EXERCISE BRIEF — Can you transcribe the data exactly? Leave the pictures out.

INFORMATION SHOWN —
╭──
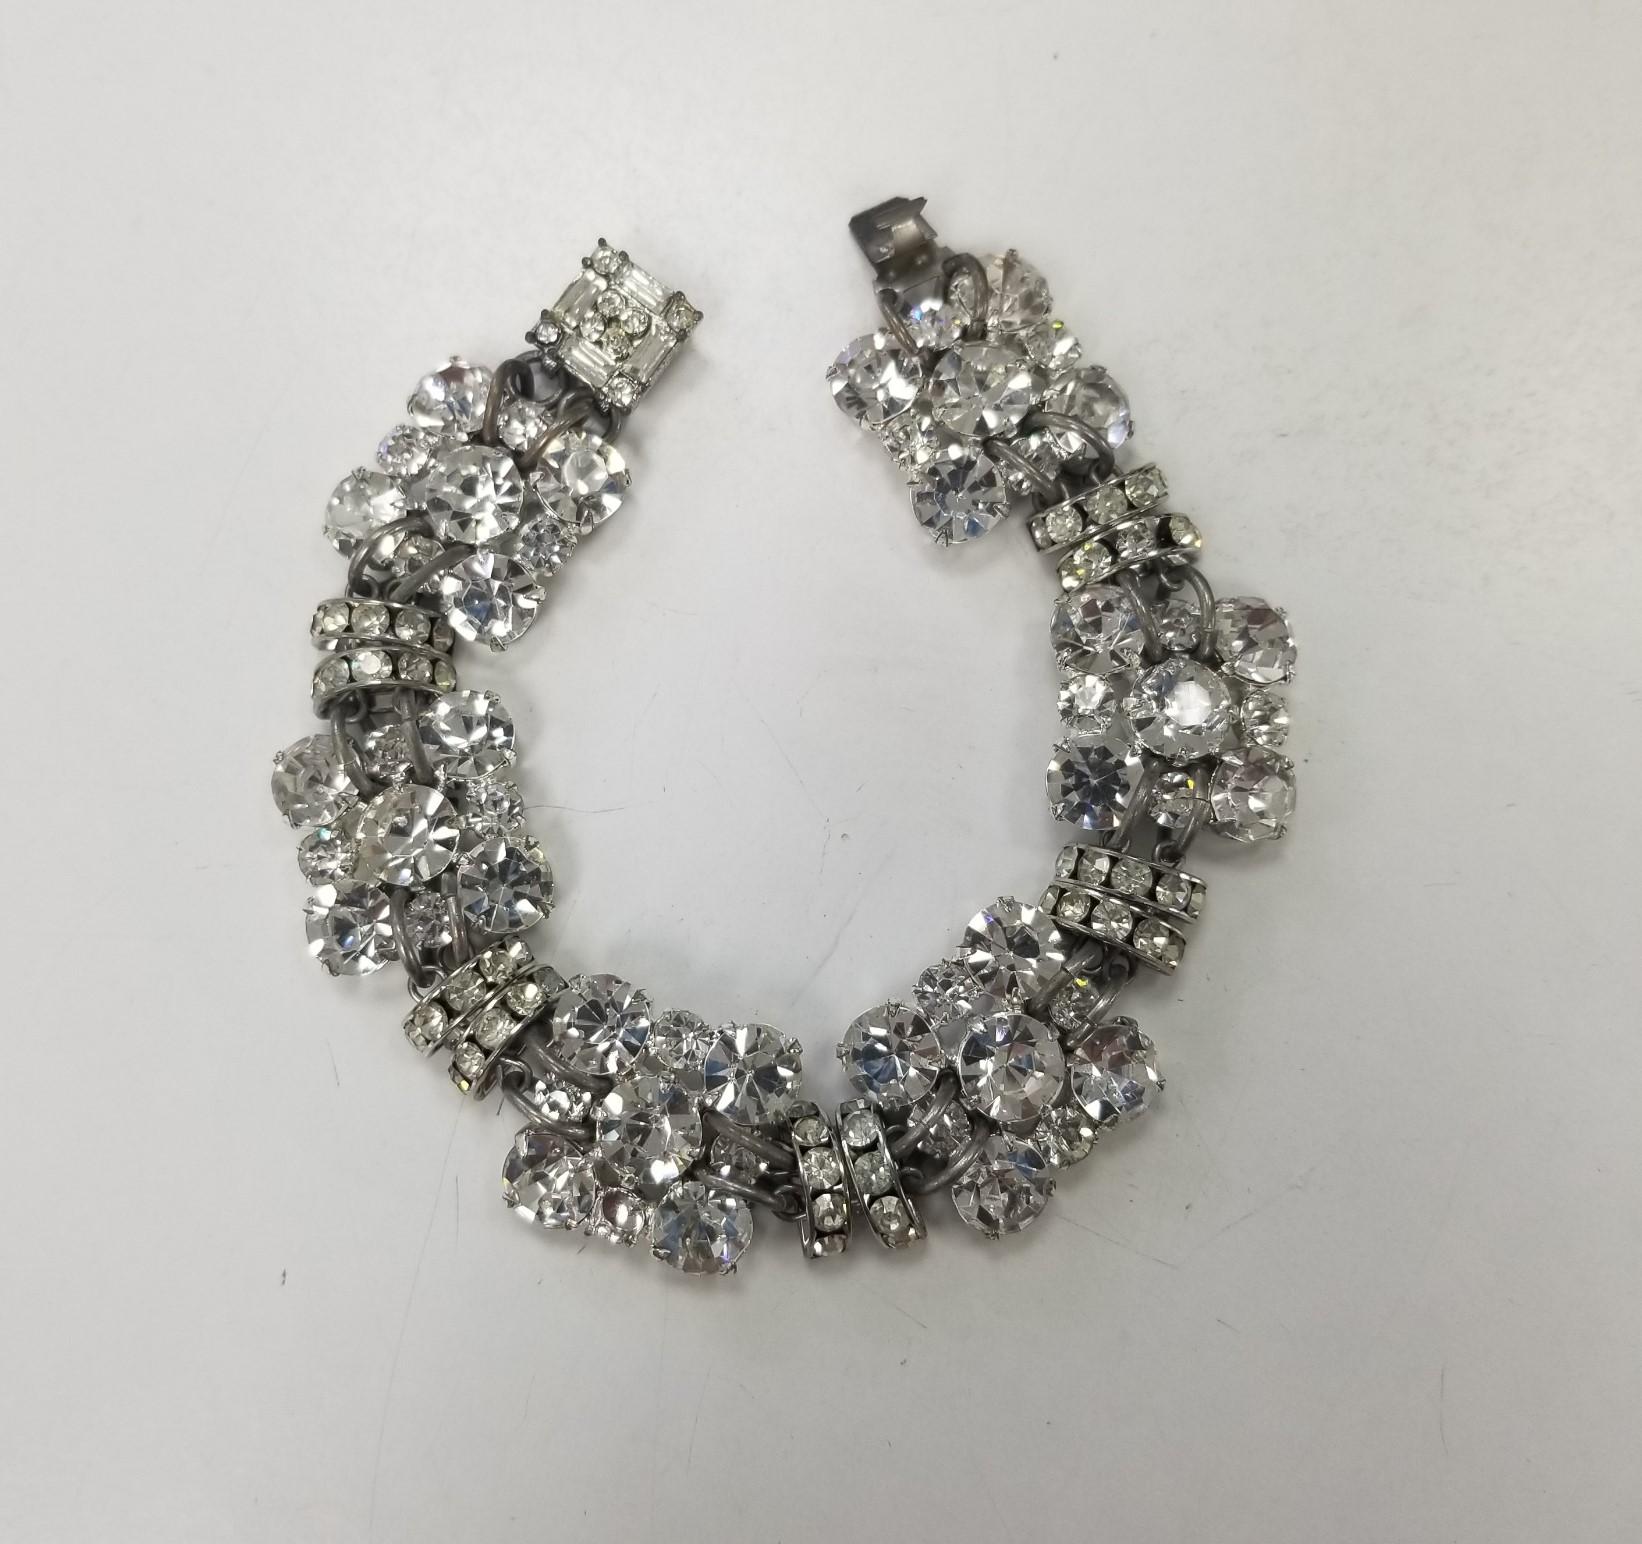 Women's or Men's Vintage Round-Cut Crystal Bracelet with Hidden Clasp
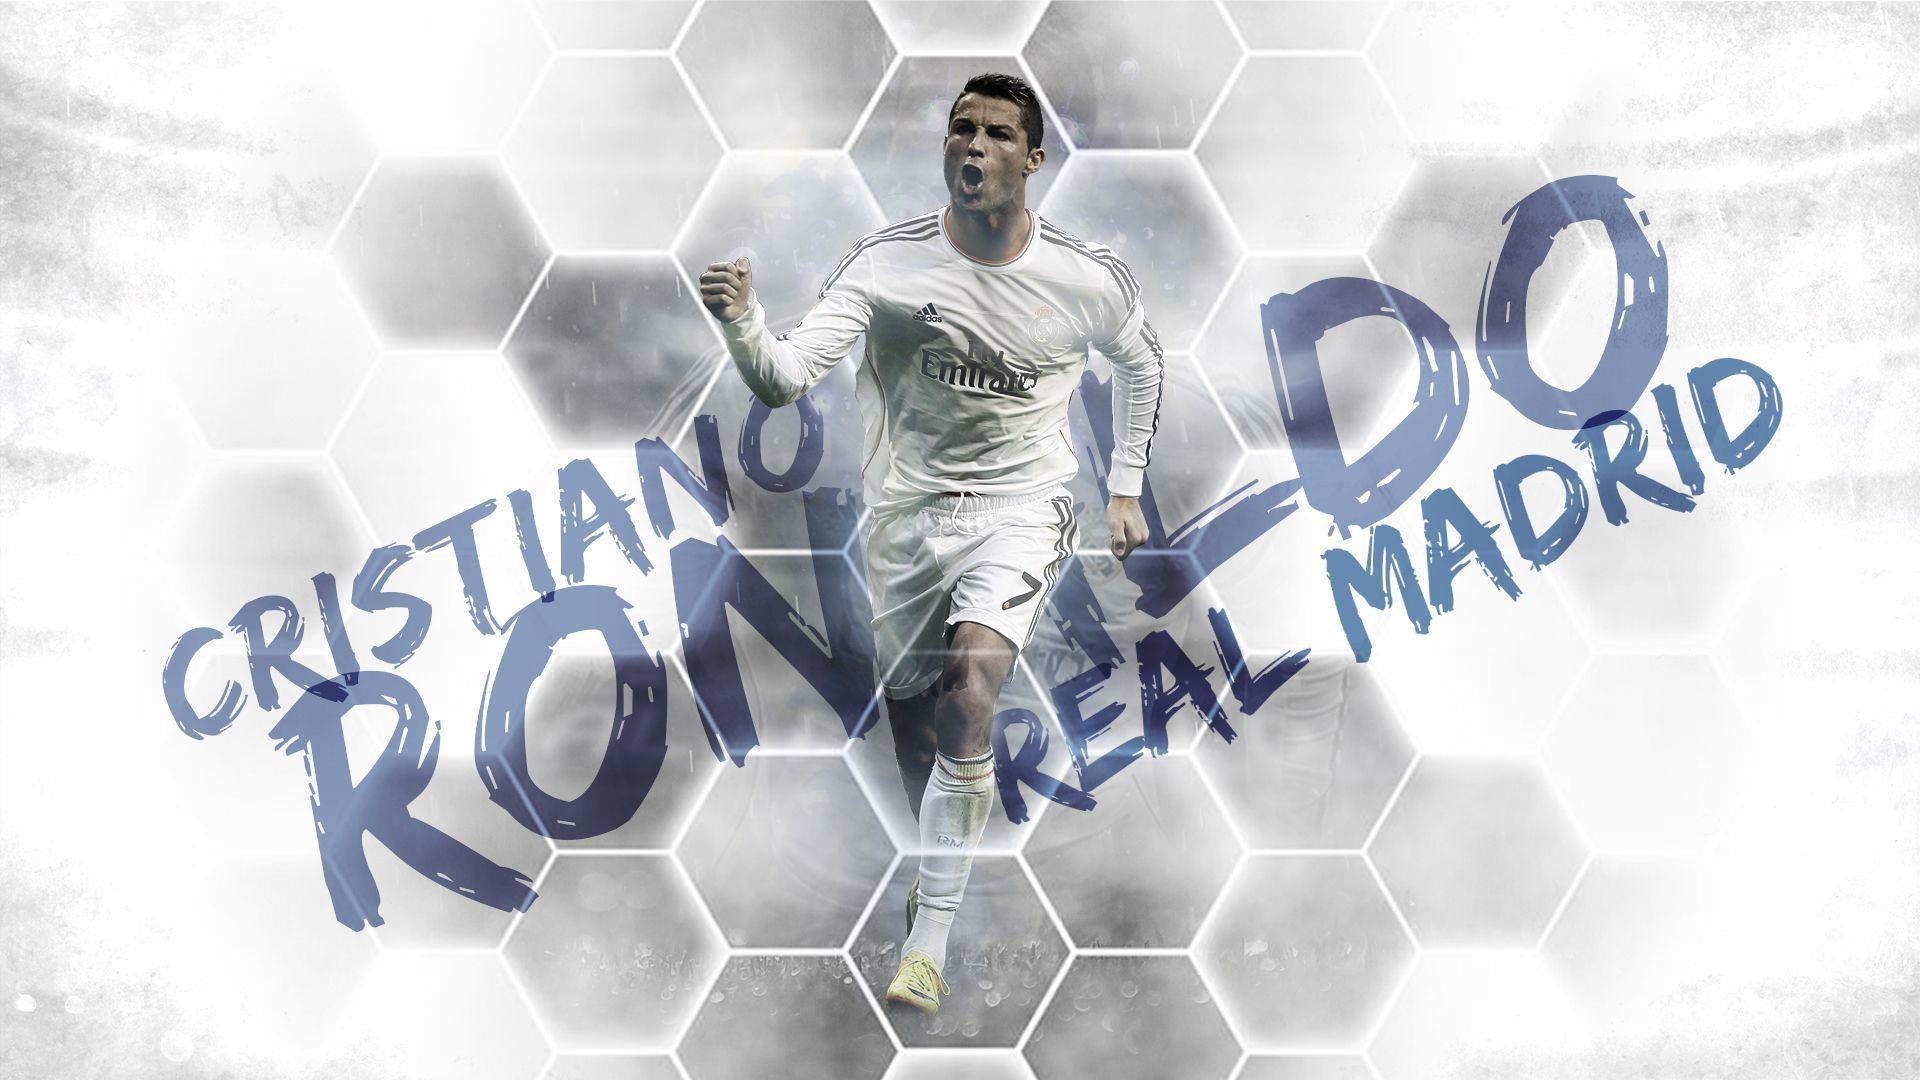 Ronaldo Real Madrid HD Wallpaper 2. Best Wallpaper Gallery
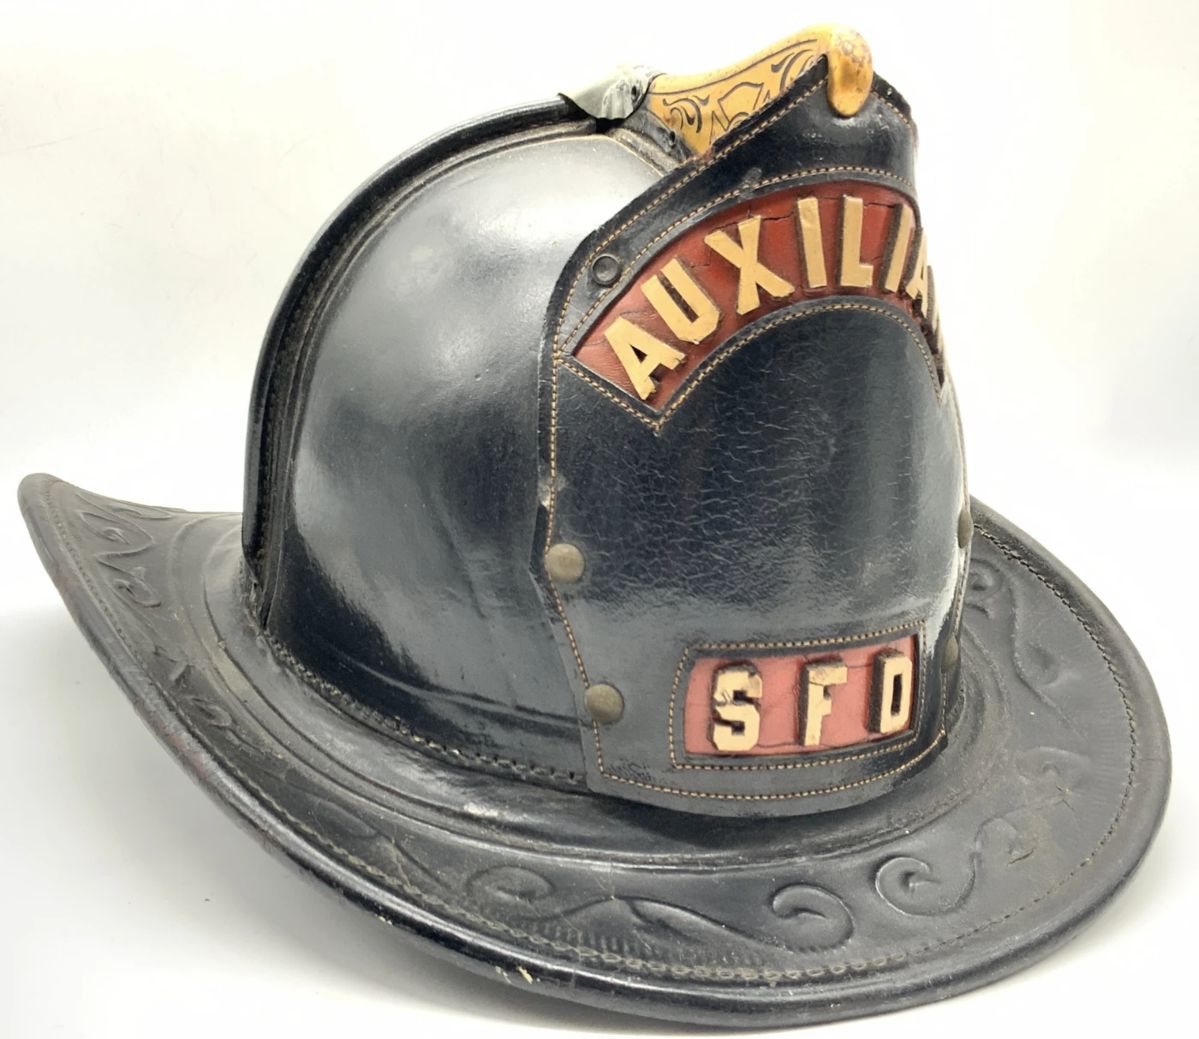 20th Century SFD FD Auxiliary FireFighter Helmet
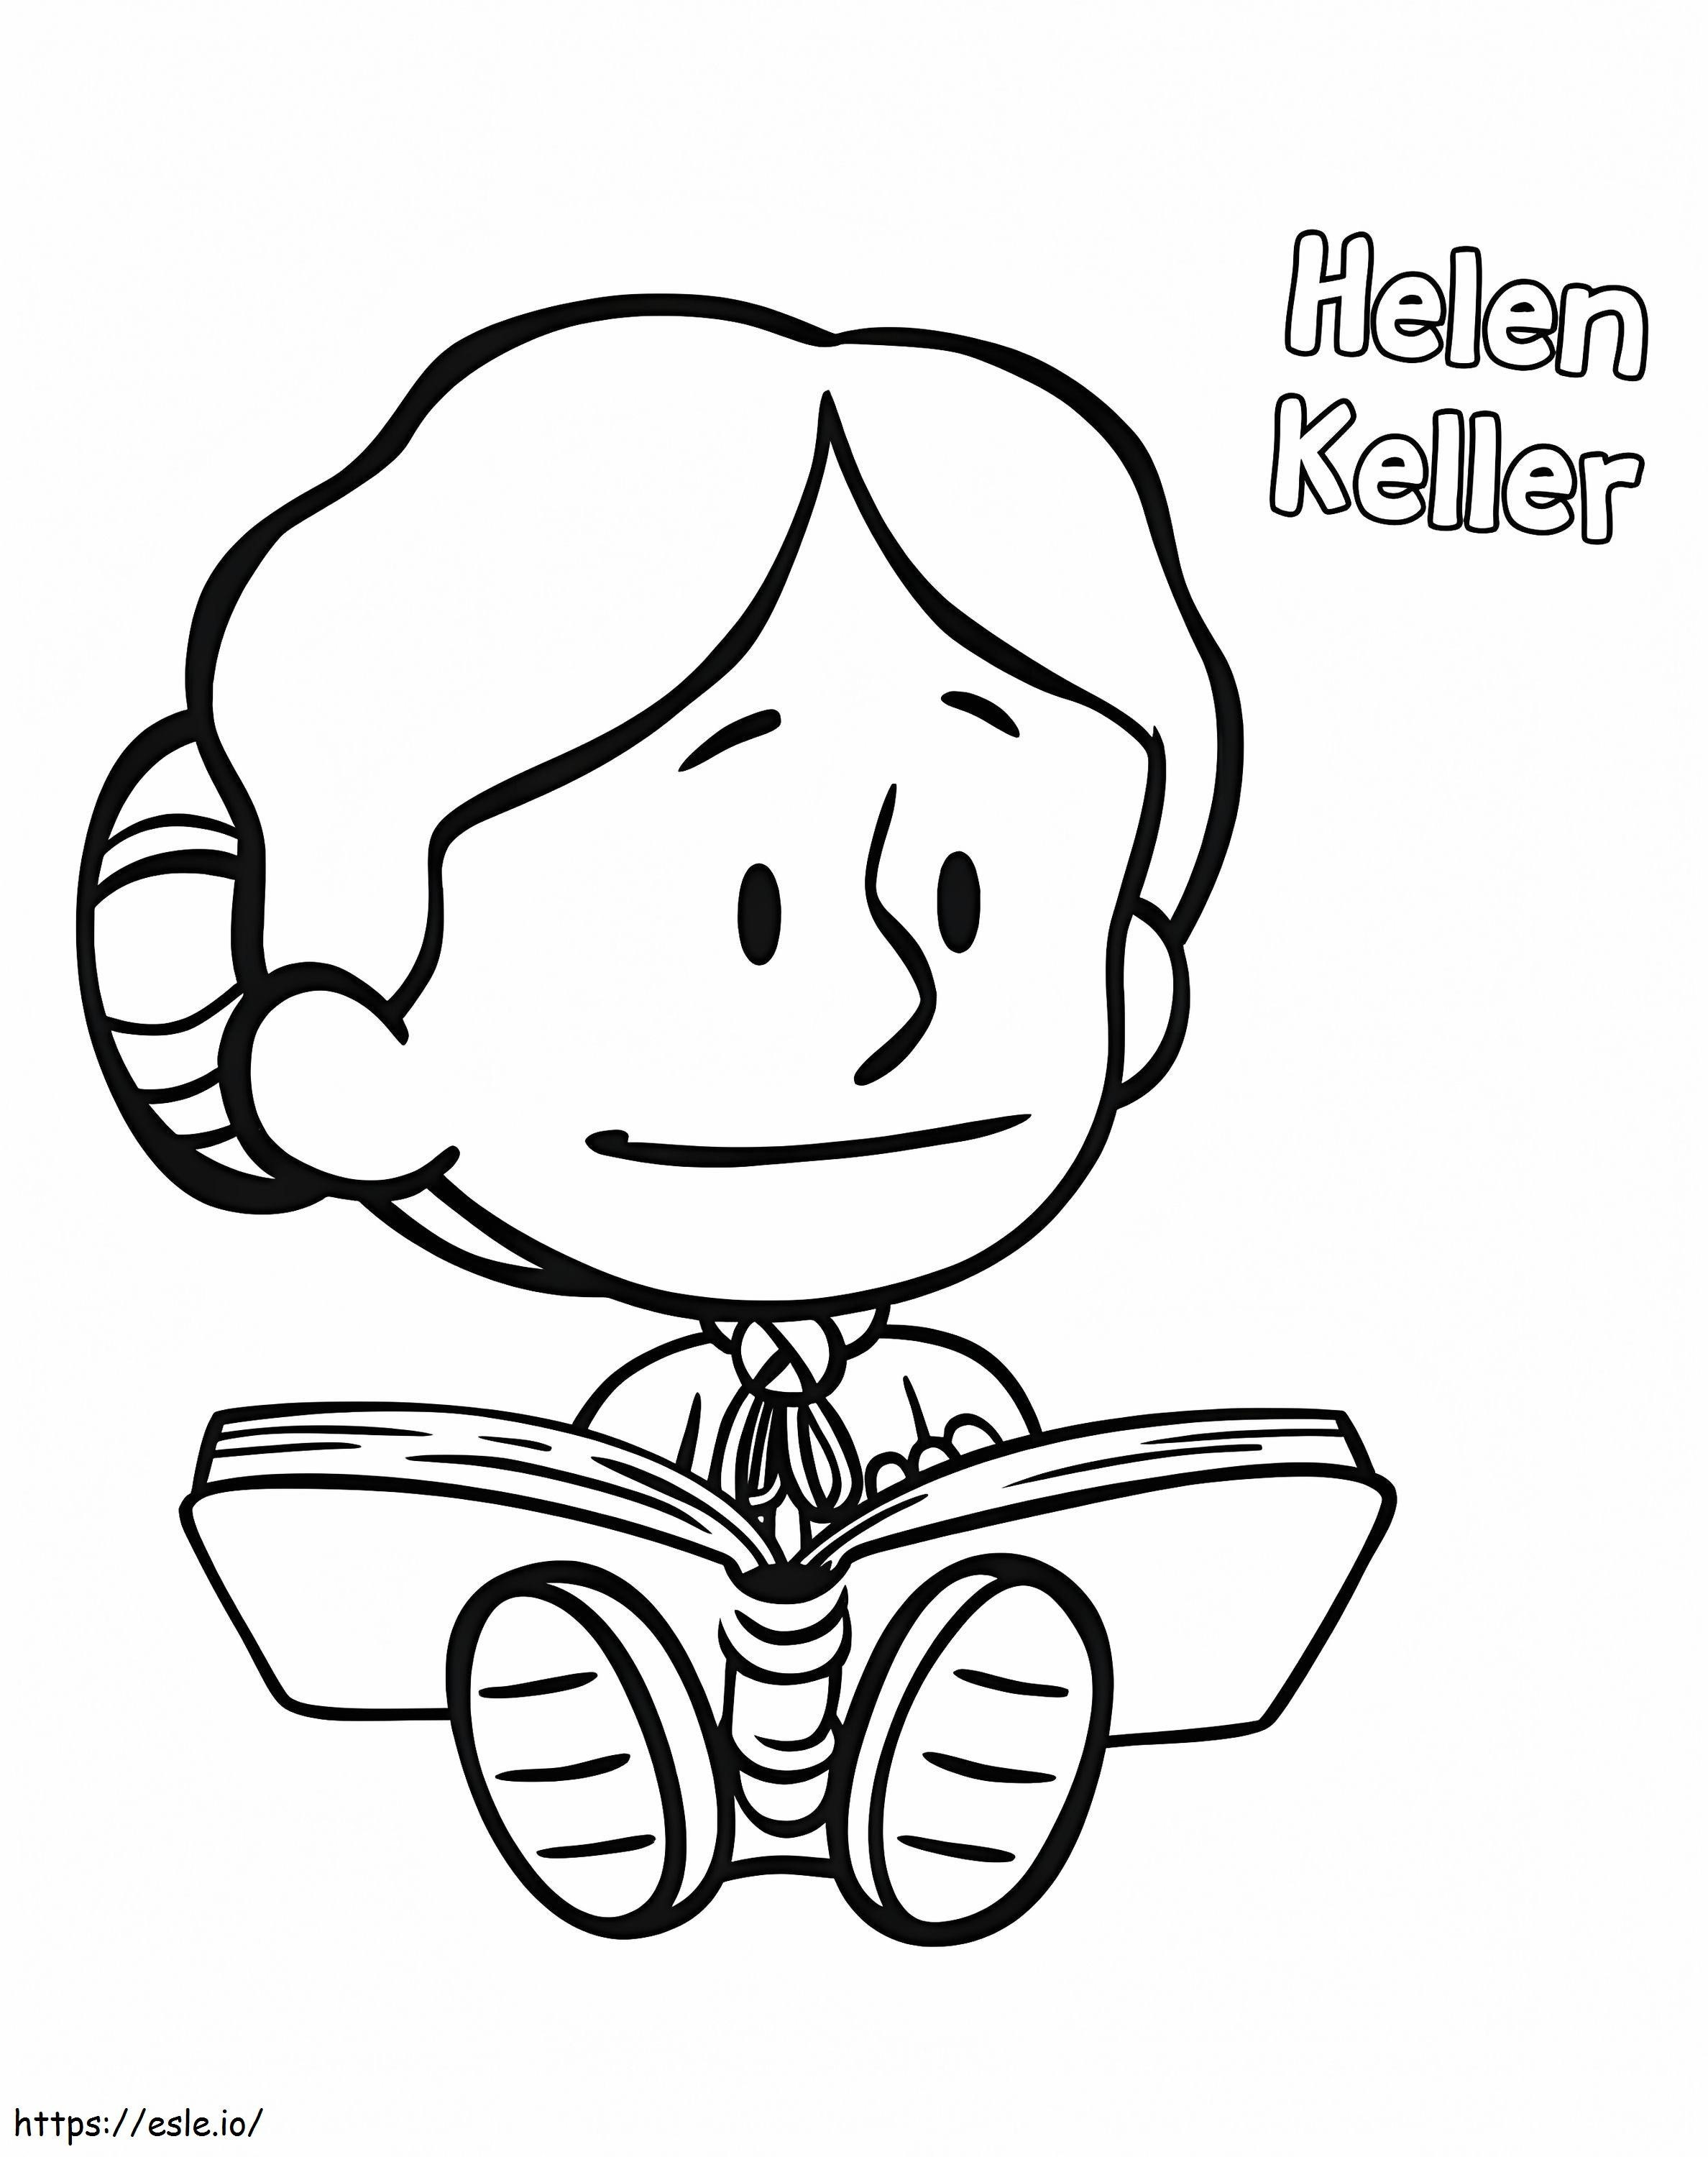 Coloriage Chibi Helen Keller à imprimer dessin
╰──
ANSWER BOX —
 Women's or Men's Vintage Round-Cut Crystal Bracelet with Hidden Clasp
 Ronaldo Real Madrid HD Wallpaper 2. Best Wallpaper Gallery
 20th Century SFD FD Auxiliary FireFighter Helmet
 Coloriage Chibi Helen Keller à imprimer dessin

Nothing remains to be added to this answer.